Note: we should choose the value of \mu that is most probable, given the observed data D and our prior assumptions summarized by P(\mu).

---

## Maximum a Posteriori Estimation (MAP)
$$\begin{eqnarray} 
\hat{\mu} &=& \arg \max_{\mu} P(\mu|D)\\\\\\
&=&  \arg \max_{\mu} \frac{P(D|\mu)P(\mu)}{P(D)}\\\\\\
&=&  \arg \max_{\mu} P(D|\mu)P(\mu)
\end{eqnarray}$$

Note: MLE looks to maximise P(D|\mu), but here we maximise that and our priors. P(D) is not dependent on \mu.

---

## Maximum a Posteriori Estimation (MAP)
$P(\mu) = Beta(\beta_T, \beta_H) = \frac{\mu^{\beta_H-1} (1-\mu)^{\beta_T-1}}{B(\beta_T, \beta_H)}$

$$\begin{eqnarray}
\hat{\mu} &=& \arg \max_{\mu} P(D|\mu)P(\mu)\\\\\\
&=& \arg \max_{\mu} \mu^{\alpha_H} (1 - \mu)^{\alpha_T} \frac{\mu^{\beta_H-1} (1-\mu)^{\beta_T-1}}{B(\beta_T, \beta_H)}\\\\\\
&=& \arg \max_{\mu} \mu^{\alpha_H+\beta_H-1} (1-\mu)^{\alpha_T+\beta_T-1}
\end{eqnarray}$$

Note: When data is generated by multiple i.i.d. draws of a Bernoulli random variable,  the most common form of prior is a Beta distribution. Beta distribution has a functional form that is the same as the data likelihood P(D|θ) in our problem, so that when we multiply these two forms together to get the quantity P(D|θ)P(θ) , this product is easily expressed as yet another expression of this same functional form.
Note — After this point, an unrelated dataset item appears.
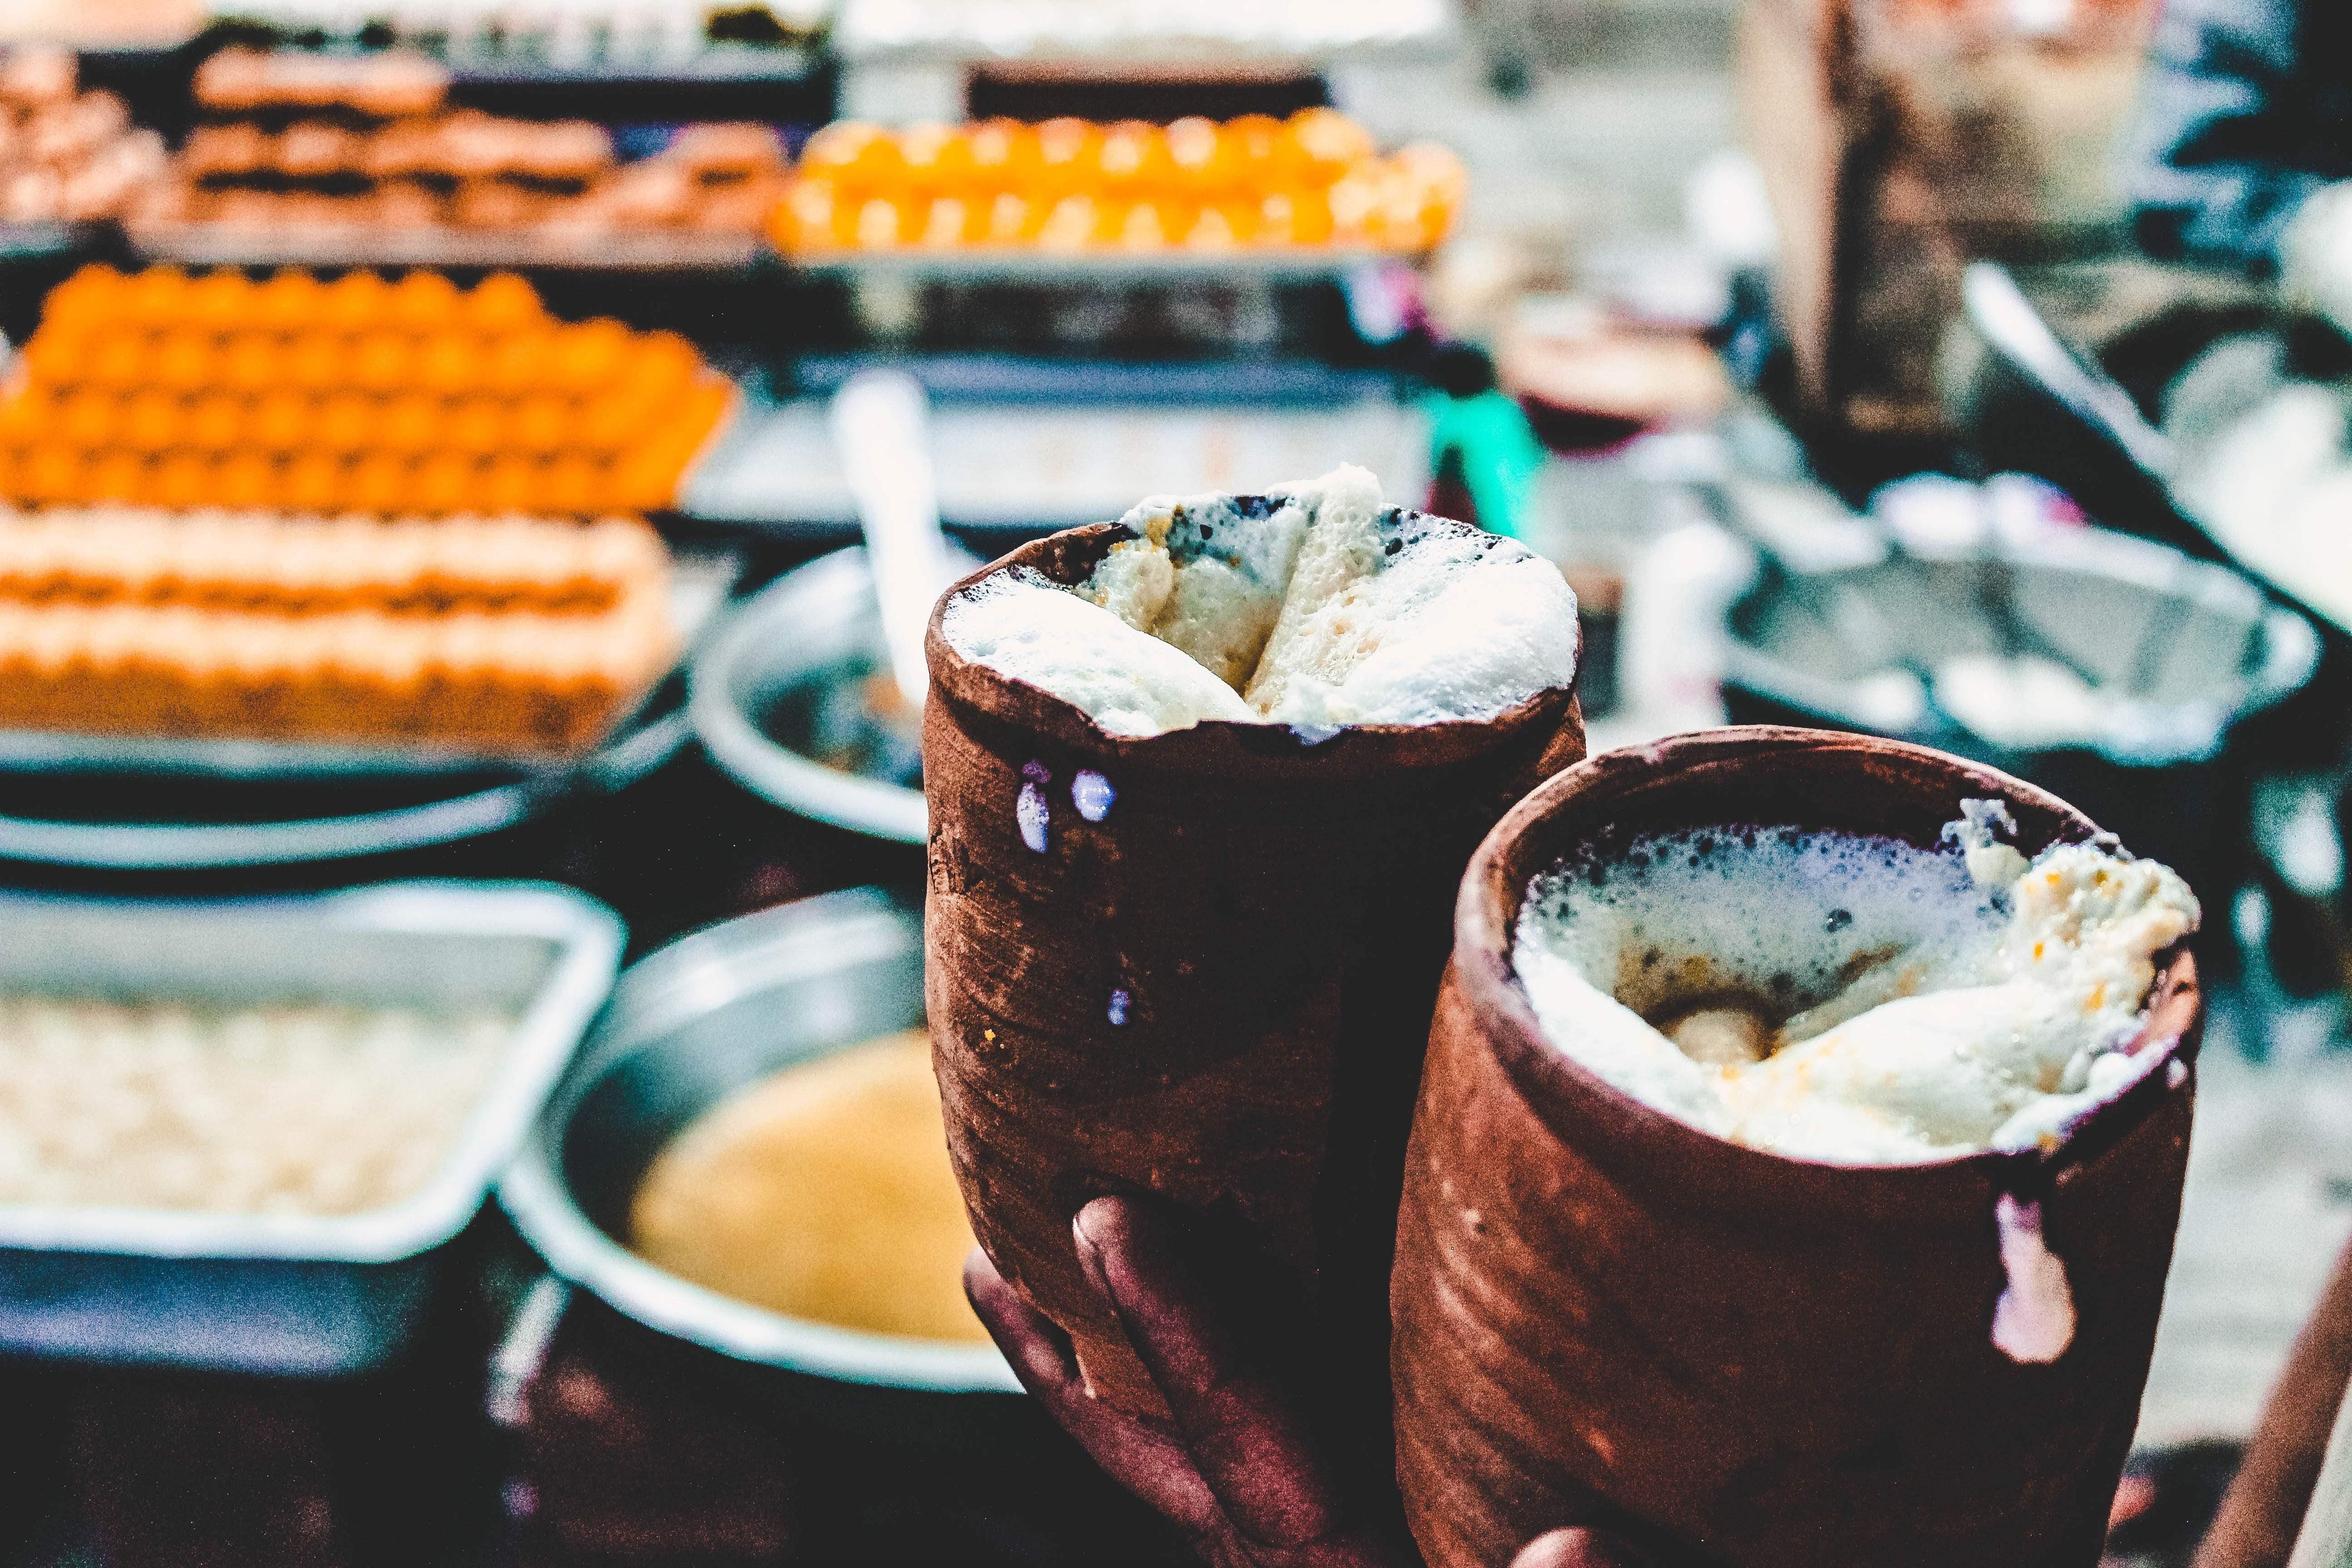 Food,Cuisine,Dish,Sweetness,Dessert,Comfort food,Drink,Table,Ingredient,Coffee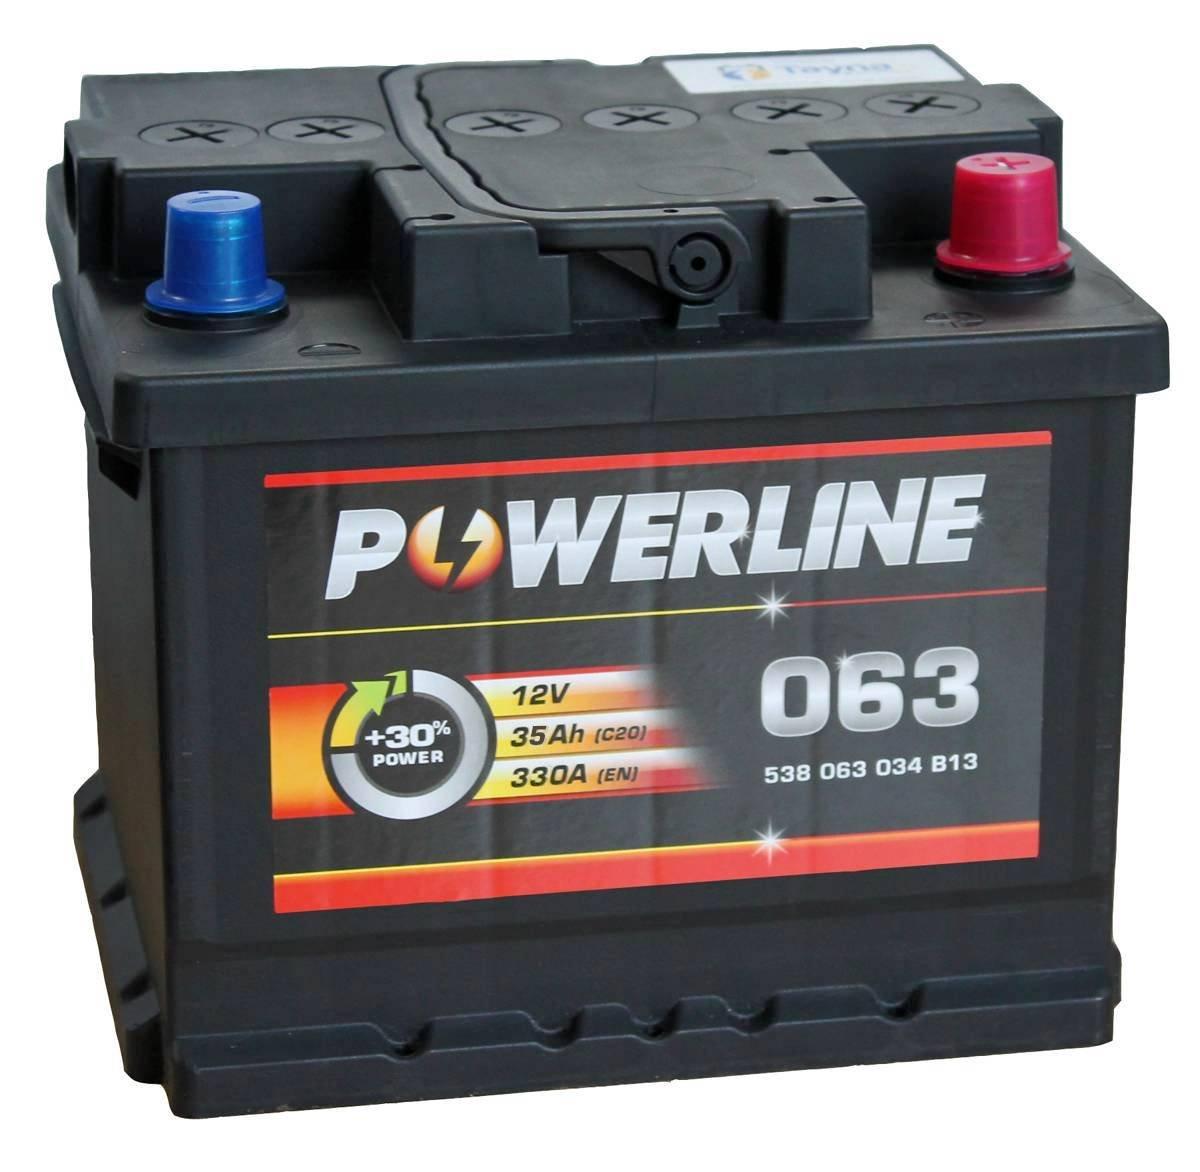 063 Powerline Batterie de Voiture 12V

The denominator is a normalization term which assures the probability integrates to one, but which is independent of \mu.

---

## Maximum a Posteriori Estimation (MAP)
$$\hat{\mu} = \frac{\alpha_H + \beta_H - 1}{(\alpha_H + \beta_H - 1) + (\alpha_T+\beta_T-1)}$$

---

![bayes](images/variant_calling/bayes.jpg)
Note: Bayes' theorem spelt out in blue neon at the offices of HP Autonomy in Cambridge

---

## Bayes theorem
* Consider a diagnostic test for prostate cancer
  * 1% of patients have PCa
  * 80% of the patients are diagnosed with PCa when they have it
  * 10% of the patients are diagnosed with PCa when they don't have it

|               | has PCa (1%) | doesn't have PCa |
| ------------- | ------------ | ---------------- |
| Test Positive | 80%          |  10%             |
| Test Negative | 20%          |  90%             |

---

## Bayes theorem
|               | has PCa (1%) | doesn't have PCa (99%) |
| ------------- | ------------ | ---------------- |
| Test Positive | 80%          |  10%             |
| Test Negative | 20%          |  90%             |

What’s the chance a patient has PCa if they get a positive result?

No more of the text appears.